-- Еврейский вопрос, -- запоздало сообразил Красилов. – Всегда удивляюсь, когда придают значение национальности. Еврей, русский, папуас – разве в этом дело? Совсем недавно какой-то старик убеждал: в болезни Толстого виноваты врачи-жиды, не подпускающие к одру священников.

-- Да, я слышал эту версию, -- кивнул Коцебу. – А сейчас в России любые проблемы с евреями совершенно некстати. Решается вопрос отмены закона о черте постоянной еврейской оседлости – или хотя бы его смягчения.

-- Ты серьезно? – обрадовался Евгений. – Мне так стыдно перед студентами за ограничение в университете числа евреев.

Лицо Коцебу стало жестким, губы скривились, однако голос оставался отстраненным и ровным.

-- Тип, сфабриковавший Протоколы Сионских мудрецов, хорошо поработал. Хотя Столыпин исследовал документ и выяснил, что это подделка, общественное мнение все равно убеждено: вот оно, доказательство, что евреи мечтают о мировом господстве. Стоит случиться громкому преступлению в еврейской среде, и начнутся обсуждения: конечно, этих жутких жидов нельзя пускать в столицы. Не сомневаюсь, черносотенцы ухватятся за любую возможность. Я не хочу, чтобы этой возможностью стала для них смерть Саломеи Гольдберг. Так же, как не хочу, чтобы эта смерть вызвала волну репрессий против безобидных кружков, любящих поболтать о политике и искусстве.

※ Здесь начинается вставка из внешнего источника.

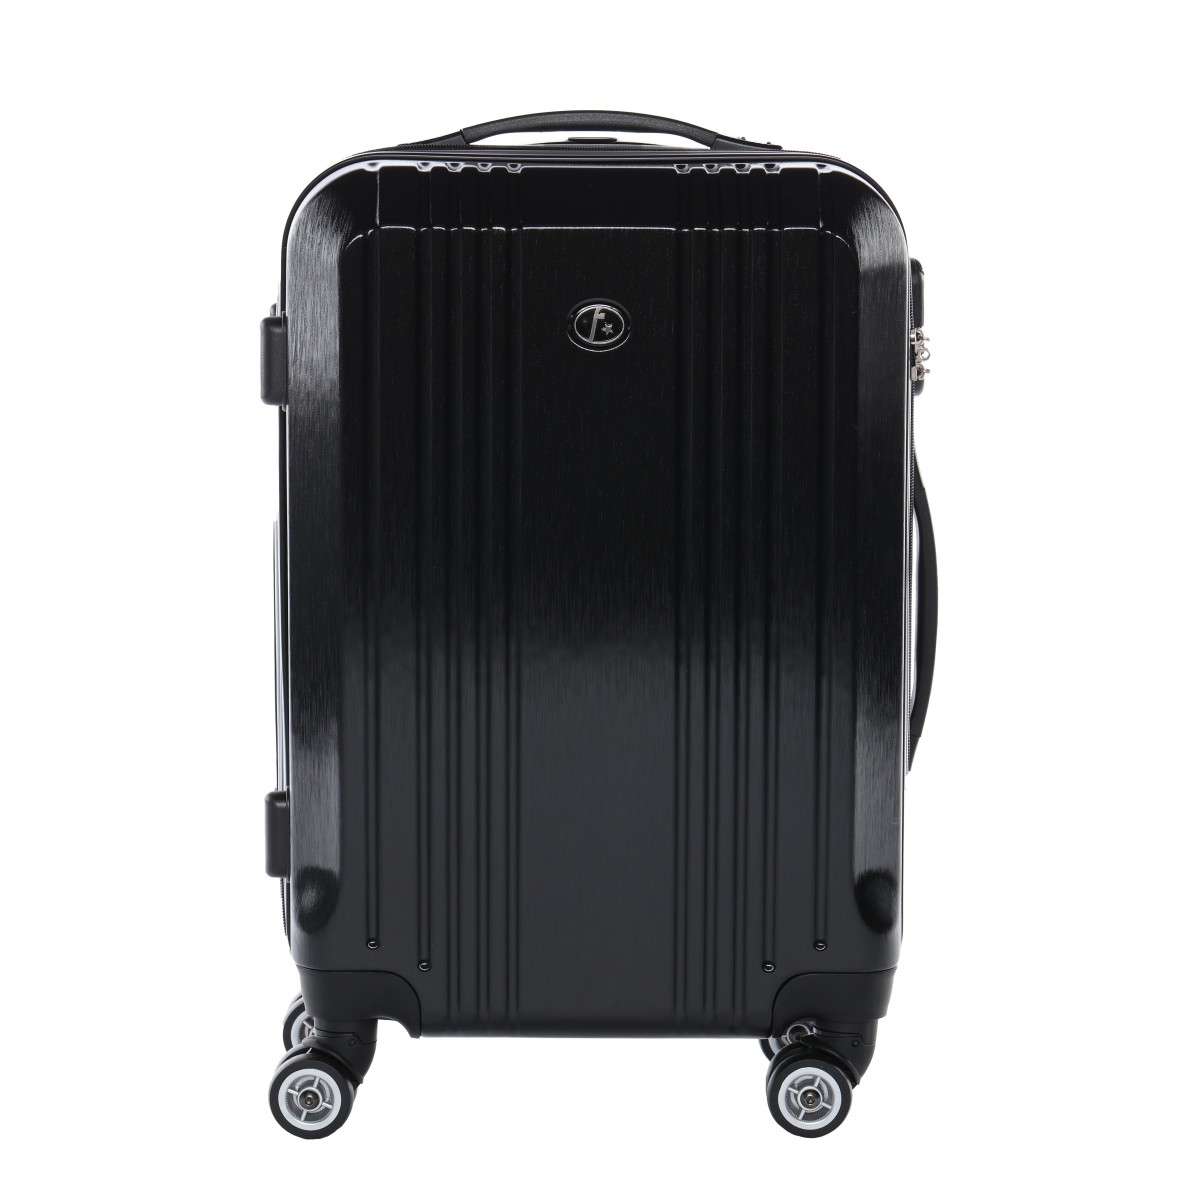 Handgepäck Koffer Hartschale schwarz matt

-- Кружки-то тут при чем? – удивился Евгений.

-- А вот при чем, -- ответил собеседник, вытаскивая из кармана что-то маленькое, завернутое в носовой платок и плохо различимое в темноте.

Жадно вглядевшись, Красилов понял, что это три потрепанных колоска. Именно они – или их братья-близнецы – лежали на теле убитой.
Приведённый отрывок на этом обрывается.